PROMPT:
Copy only what lies from the line containing "DELSEY PARIS black" through the line containing "Viola next to the Bayonetta logo" in the entries below, keeping both end lines exact and dropping every picture.

DATA TO EXAMINE:
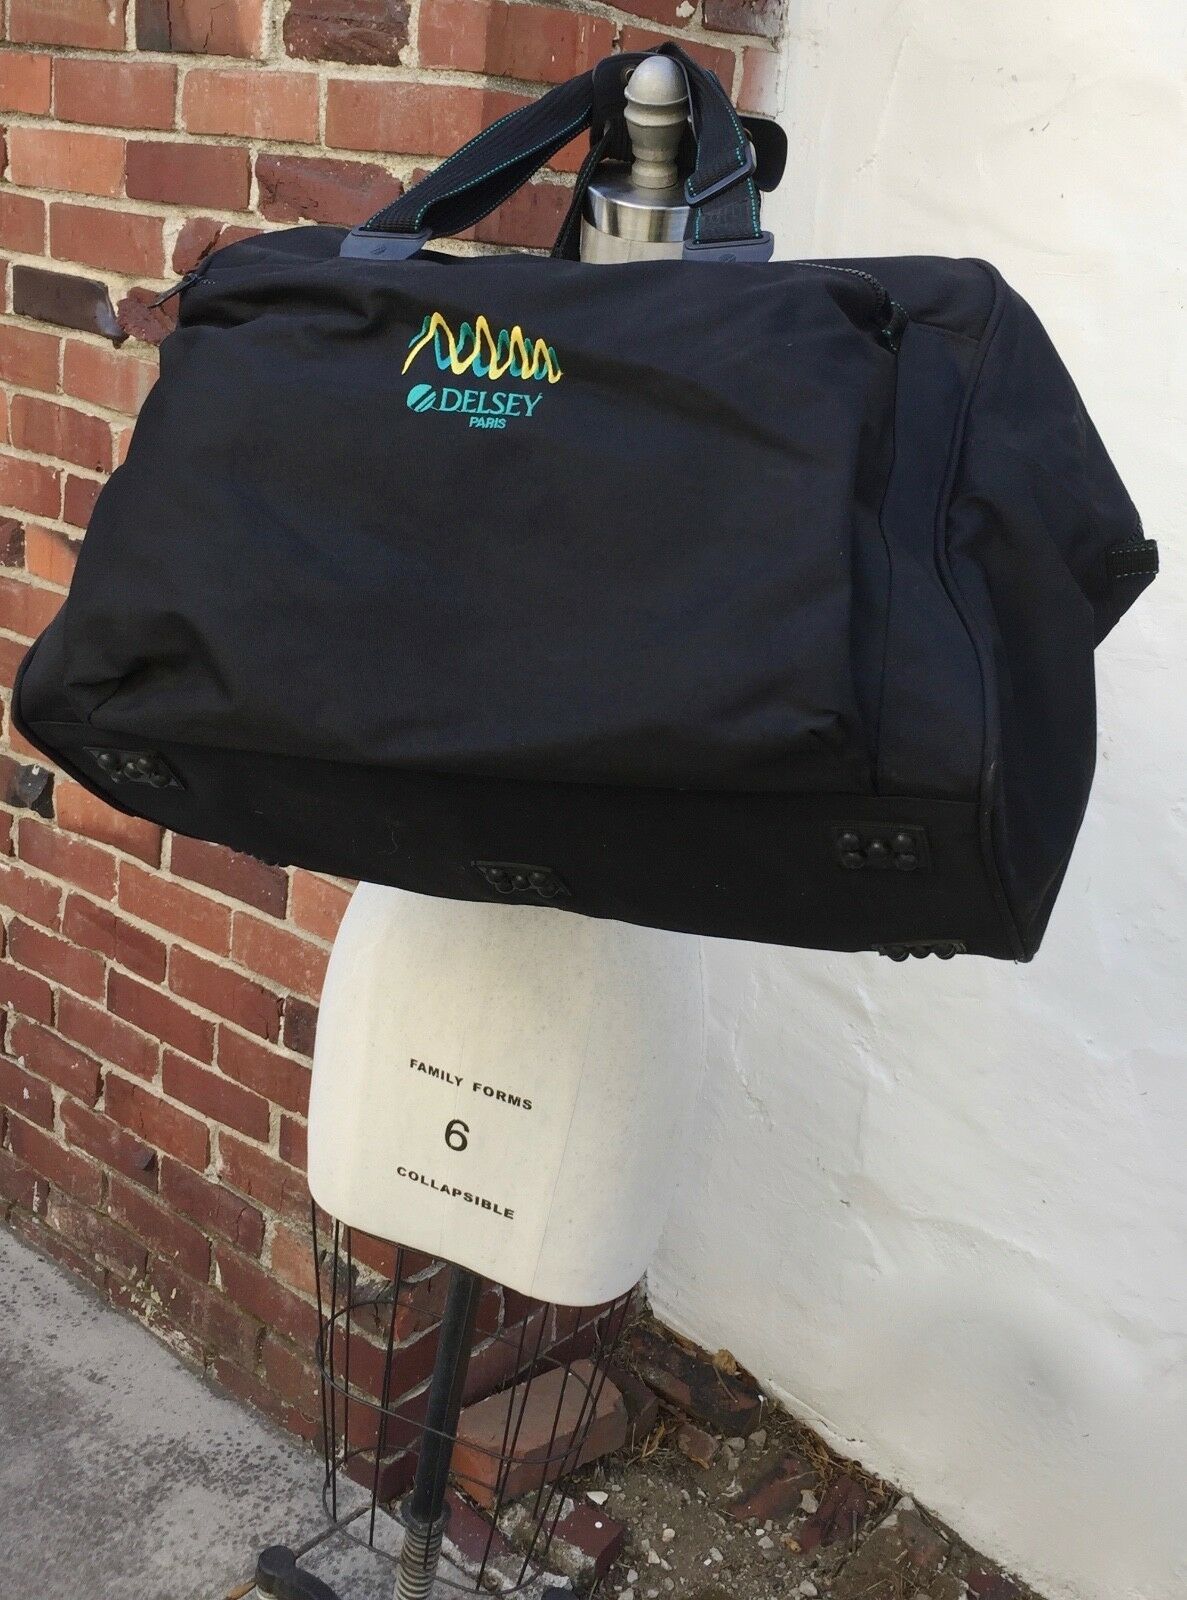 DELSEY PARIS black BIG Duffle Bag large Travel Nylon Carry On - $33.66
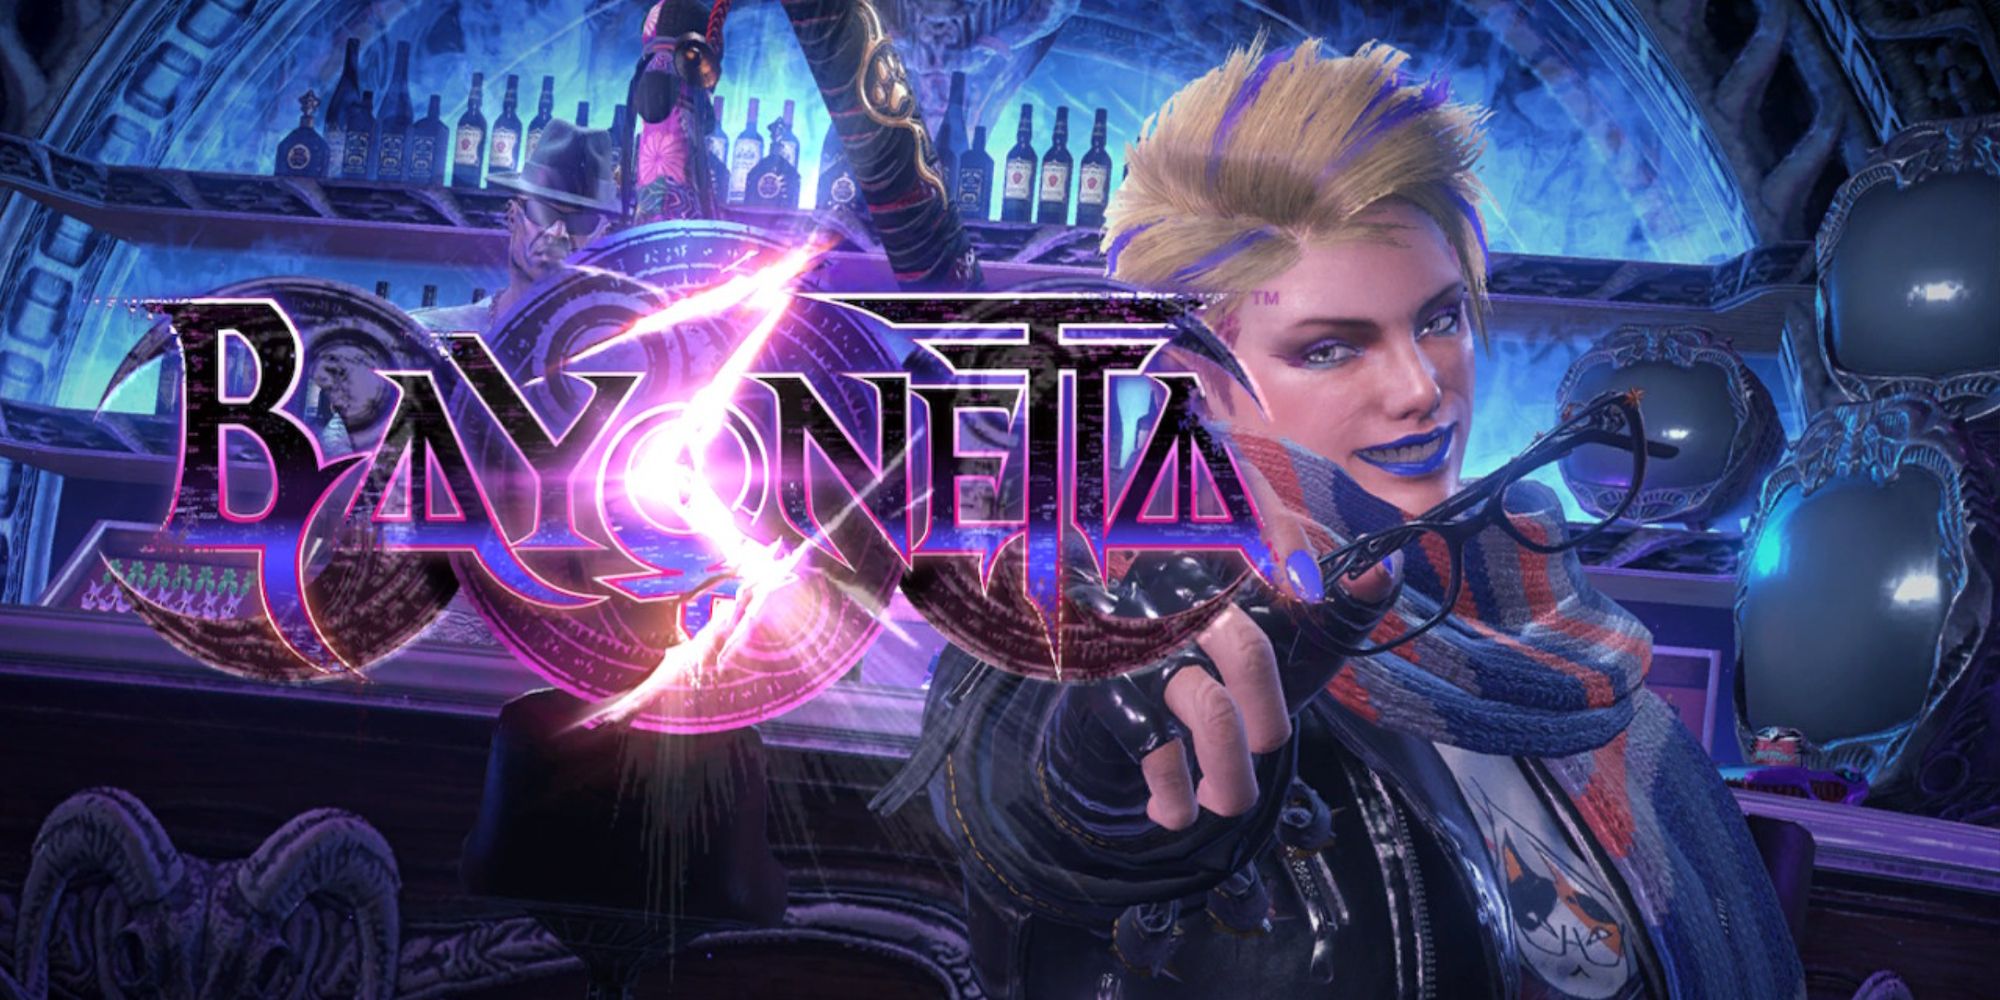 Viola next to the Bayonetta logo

--

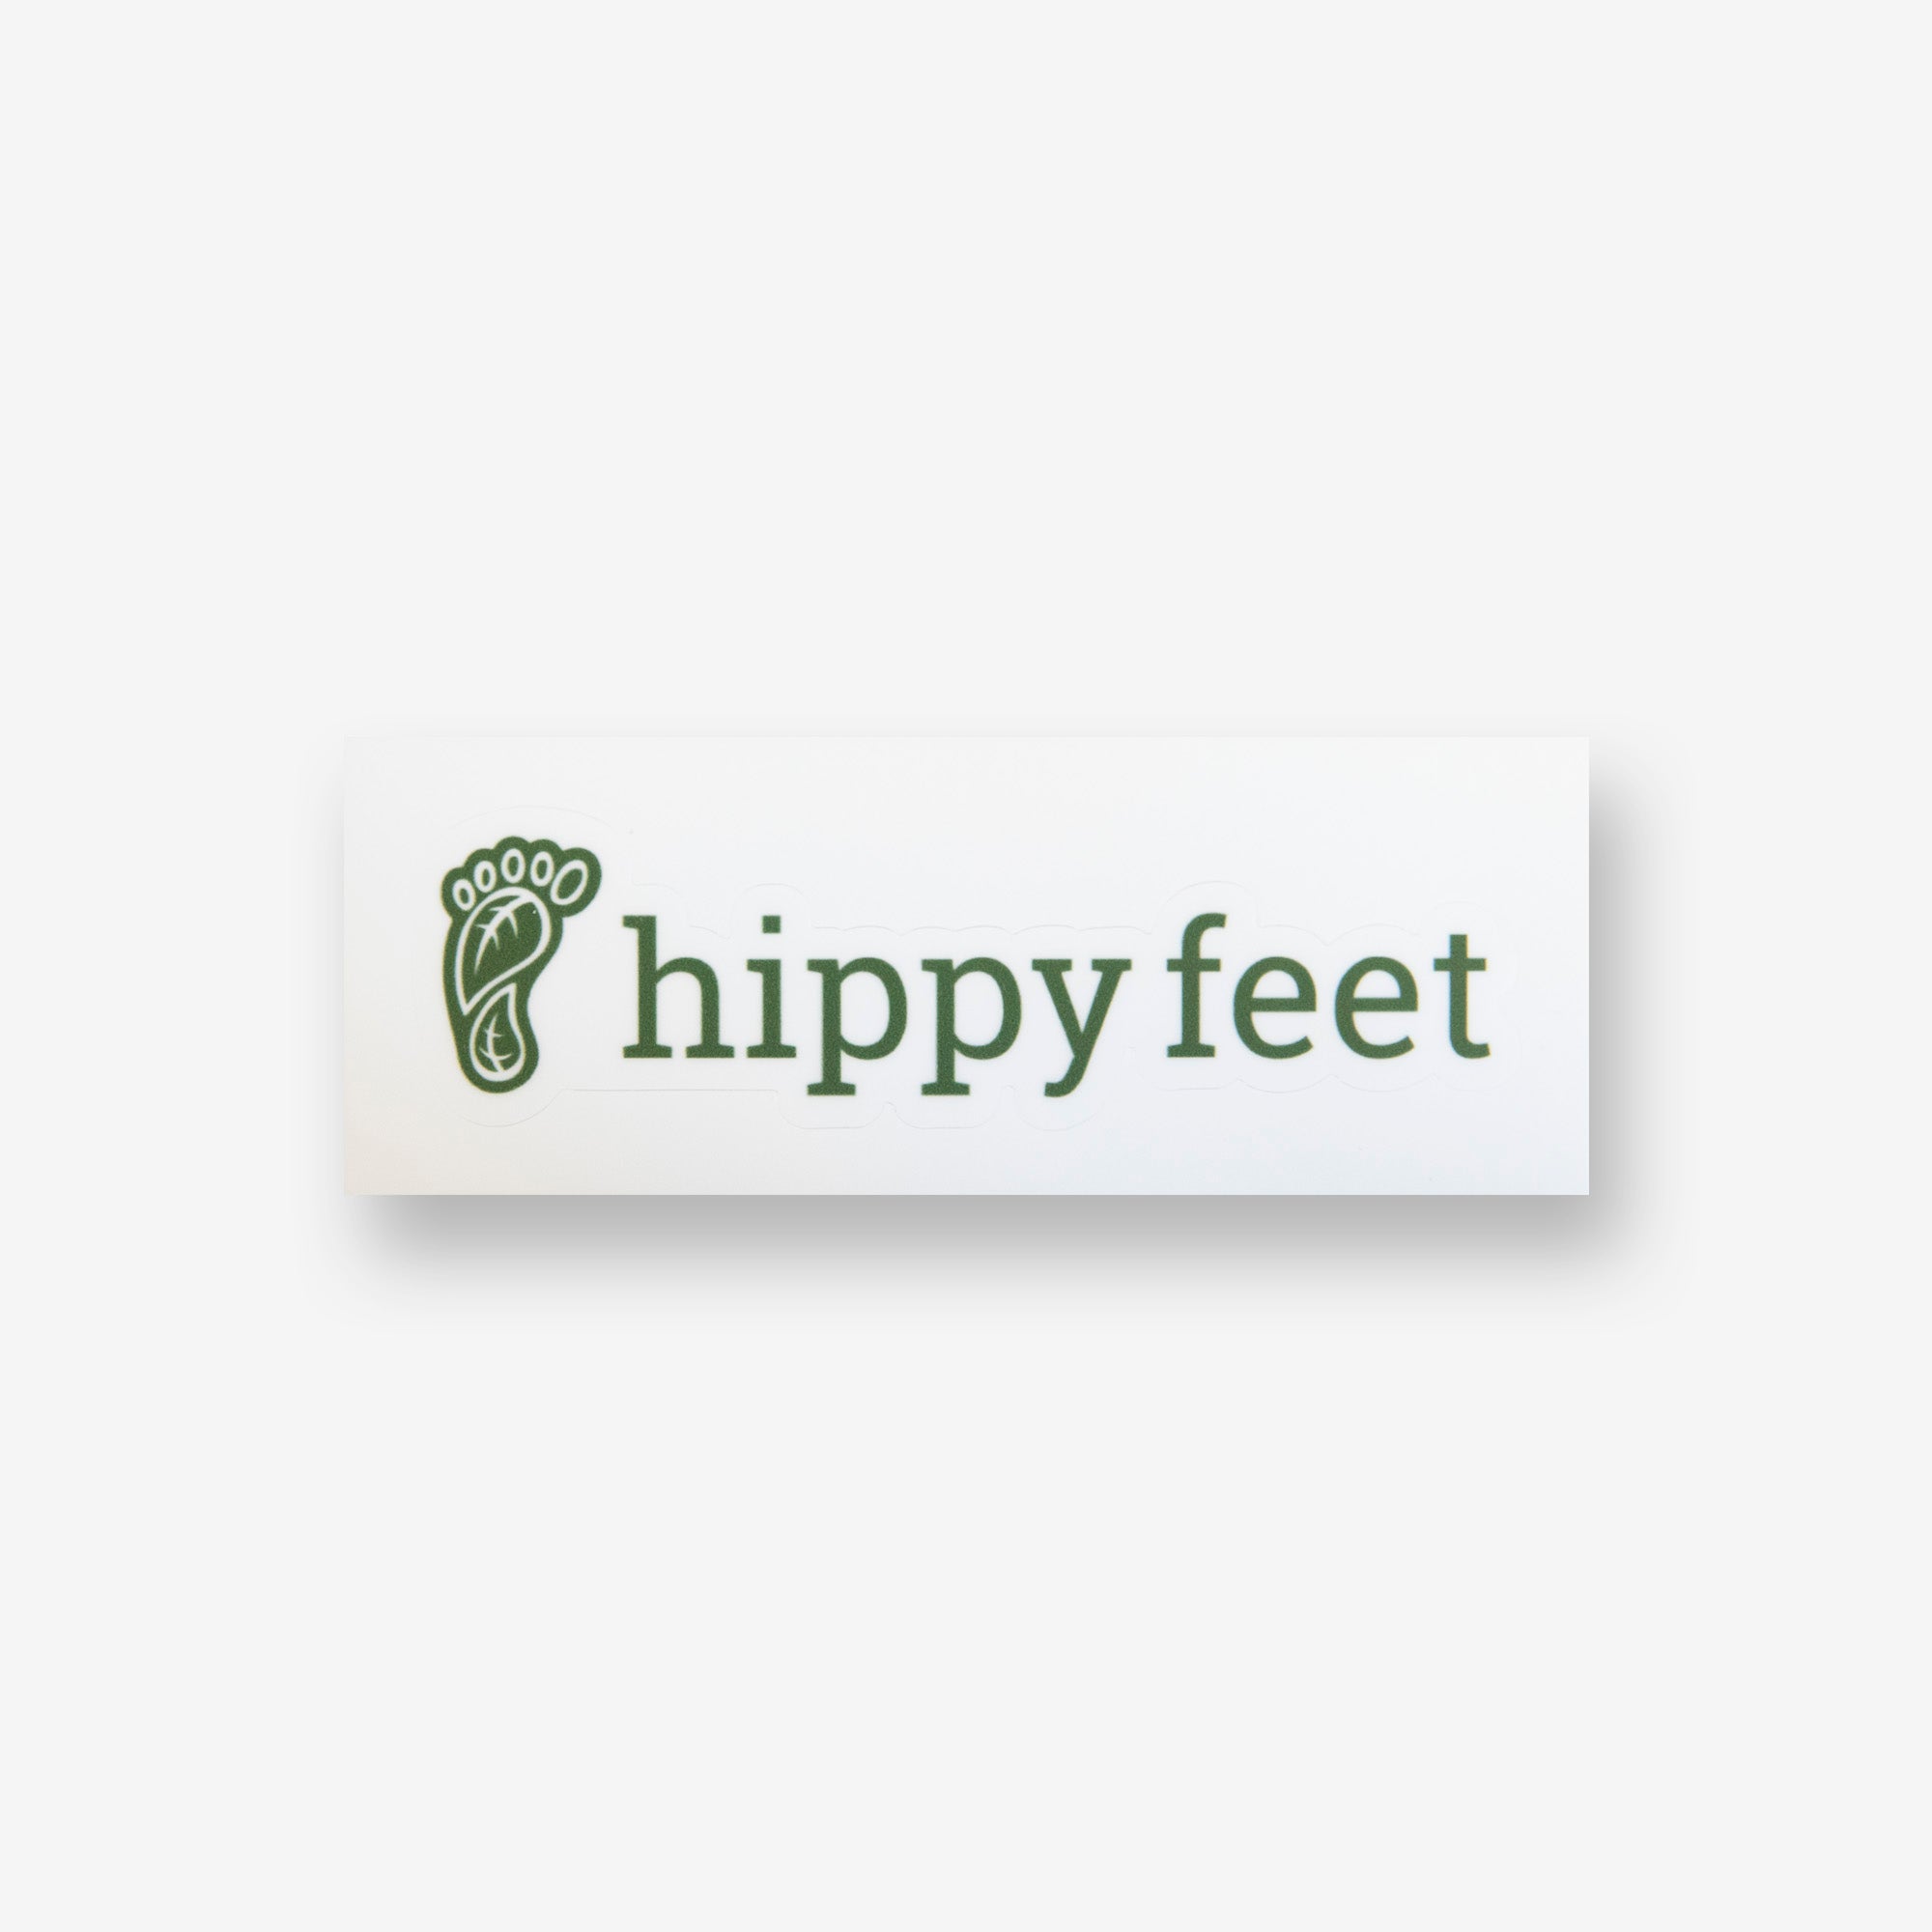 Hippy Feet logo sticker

ANSWER BELOW:
 DELSEY PARIS black BIG Duffle Bag large Travel Nylon Carry On - $33.66
 Viola next to the Bayonetta logo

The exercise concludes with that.